Google Sheets connection
For this deployment to work, you will need to have this dataset saved in your own Google Drive, and you will need a service account that has access to that sheet. For information on this see Pygsheet documentation.
The deployment.py
for this more advanced version of the RFM analysis can be seen below.
import os
import json
from google.oauth2 import service_account
import pygsheets
import pandas as pd
class Deployment:
def __init__(self, base_directory, context):
print('Initialising the connection to the google drive')
self.gc = None
SCOPES = ('https://googleapis.com/auth/spreadsheets', 'https://googleapis.com/auth/drive')
service_account_info = json.loads(os.environ['credentials'])
my_credentials = service_account.Credentials.from_service_account_info(service_account_info, scopes=SCOPES)
try:
self.gc = pygsheets.authorize(custom_credentials=my_credentials)
print('Established succesfull connection')
except Exception as e:
print('Connection failed, ', e.__class__, 'occurred.')
def request(self, data):
print('Getting the requested file')
spreadsheet = self.gc.open(data['filename'])
sheet_data = spreadsheet[0]
# Transforming data into a Pandas DataFrame
data_df = sheet_data.get_as_df()
# RFM analyis
print('Performing RFM analysis')
data_df['TotalPrice'] = data_df['Quantity'].astype(int) * data_df['UnitPrice'].astype(float)
data_df['InvoiceDate'] = pd.to_datetime(data_df['InvoiceDate'])
rfm= data_df.groupby('CustomerID').agg({'InvoiceDate': lambda date: (date.max() - date.min()).days,
'InvoiceNo': lambda num: len(num),
'TotalPrice': lambda price: price.sum()})
# Change the name of columns
rfm.columns=['recency','frequency','monetary']
# Computing Quantile of RFM values
rfm['recency'] = rfm['recency'].astype(int)
rfm['r_quartile'] = pd.qcut(rfm['recency'].rank(method='first'), 4, ['1','2','3','4']).astype(int)
rfm['f_quartile'] = pd.qcut(rfm['frequency'], 4, ['4','3','2','1']).astype(int)
rfm['m_quartile'] = pd.qcut(rfm['monetary'], 4, ['4','3','2','1']).astype(int)
# Concatenating the quantile numbers to get the RFM score
rfm['RFM_Score'] = rfm.r_quartile.astype(str)+ rfm.f_quartile.astype(str) + rfm.m_quartile.astype(str)
# Sort the outcomes
print('Sorting customers')
sorted_customers = rfm.sort_values('RFM_Score', ascending=True)
# Insert data into the google sheet in a separate tab
print('Inserting data into the google sheet')
sheet_title = "RFM_results"
try:
sh = spreadsheet.worksheet_by_title(sheet_title)
except:
print('Worksheet does not exist, adding new sheet')

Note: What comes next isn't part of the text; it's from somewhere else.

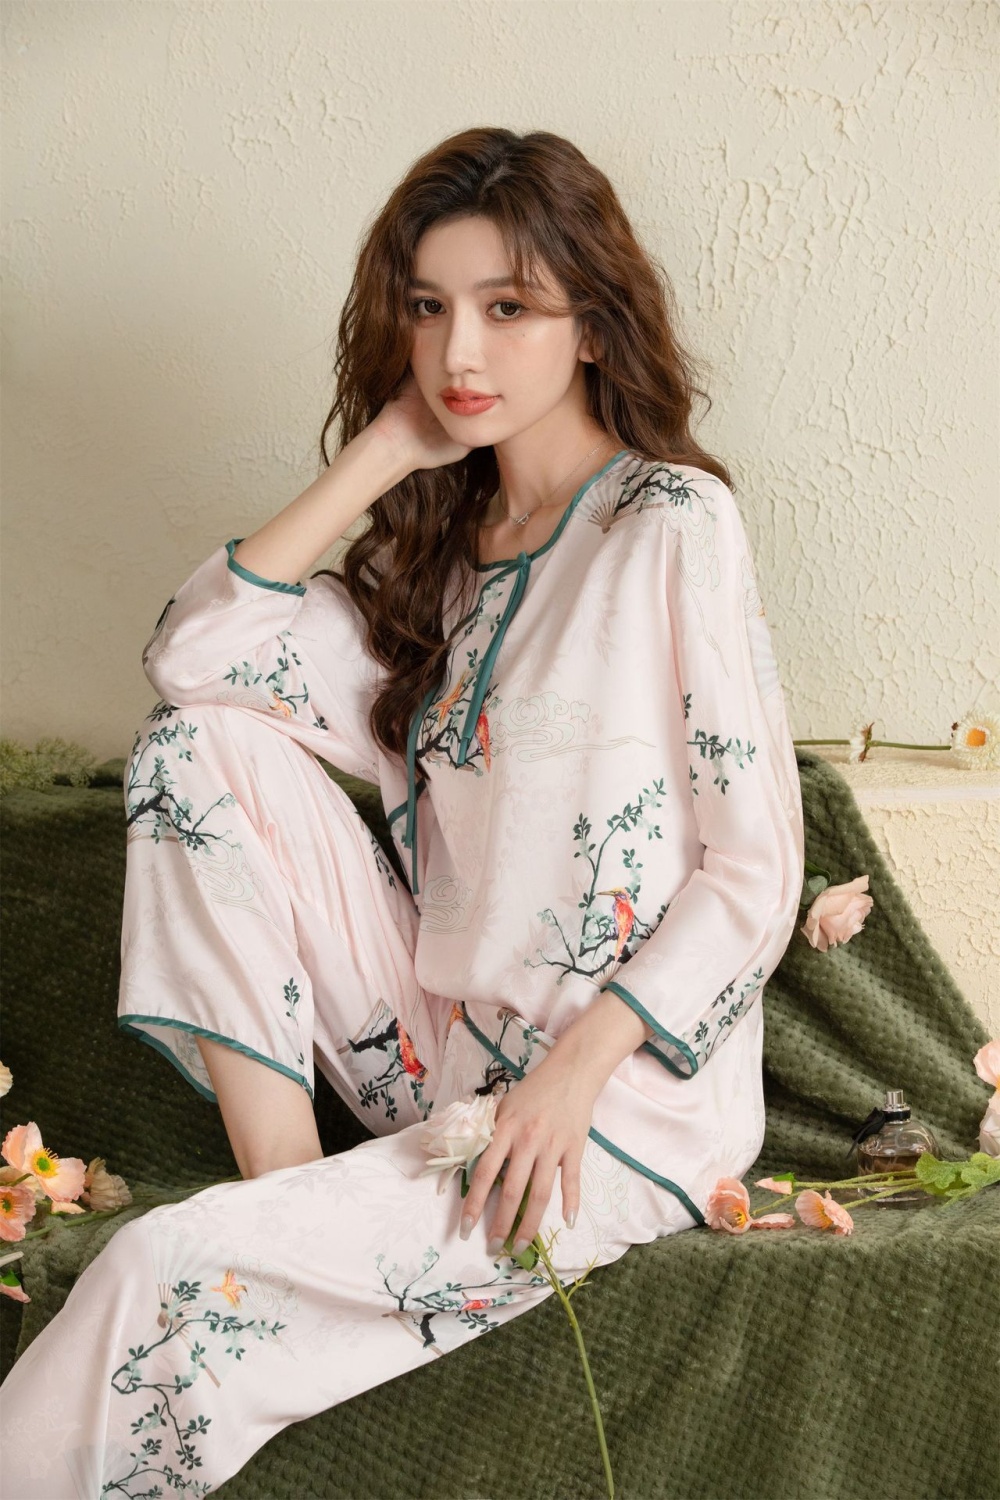 Ice silk long sleeve long pants spring homewear pajamas for women

spreadsheet.add_worksheet(sheet_title)
sh = spreadsheet.worksheet_by_title(sheet_title)
finally:
sh.set_dataframe(sorted_customers, 'A1', copy_index = True)
sh.update_value('A1', 'CustomerID')
print('Data inserted successfully')
return None
In the __init__
method we set up a connection to the google drive where the sheet resides. In the request
method we retrieve the Google Sheet as a DataFrame and we assign an RFM score to each customer based on how frequently, how recently and for how much money they purchased. The outcome is sorted and written to the same Google Sheet, in a separate tab called RFM_results
.
Running this example in UbiOps¶
To deploy this example model to your own UbiOps environment you can log in to the WebApp and create a new deployment in the deployment tab. You will be prompted to fill in certain parameters, you can use the following:
Deployment configuration | |
---|---|
Name | rfm-analysis |
Description | A customer segmentation model based on RFM. |
Input fields: | name = filename, datatype = string |
Output fields: | leave blank |
Version name | v1 |
Description | leave blank |
Environment | Python 3.11 |
Upload code | deployment zip do not unzip! |
Advanced settings | Expand |
Environment variables | name = credentials, value = your JSON credential string |
After uploading the code and with that creating the deployment version UbiOps will start deploying. Once you're deployment version is available you can make requests to it. For this example, you will need to use the name of your Google Sheet as input (e.g. OnlineRetail
). Afterwards you should see a new tab in your Google Sheet with the results.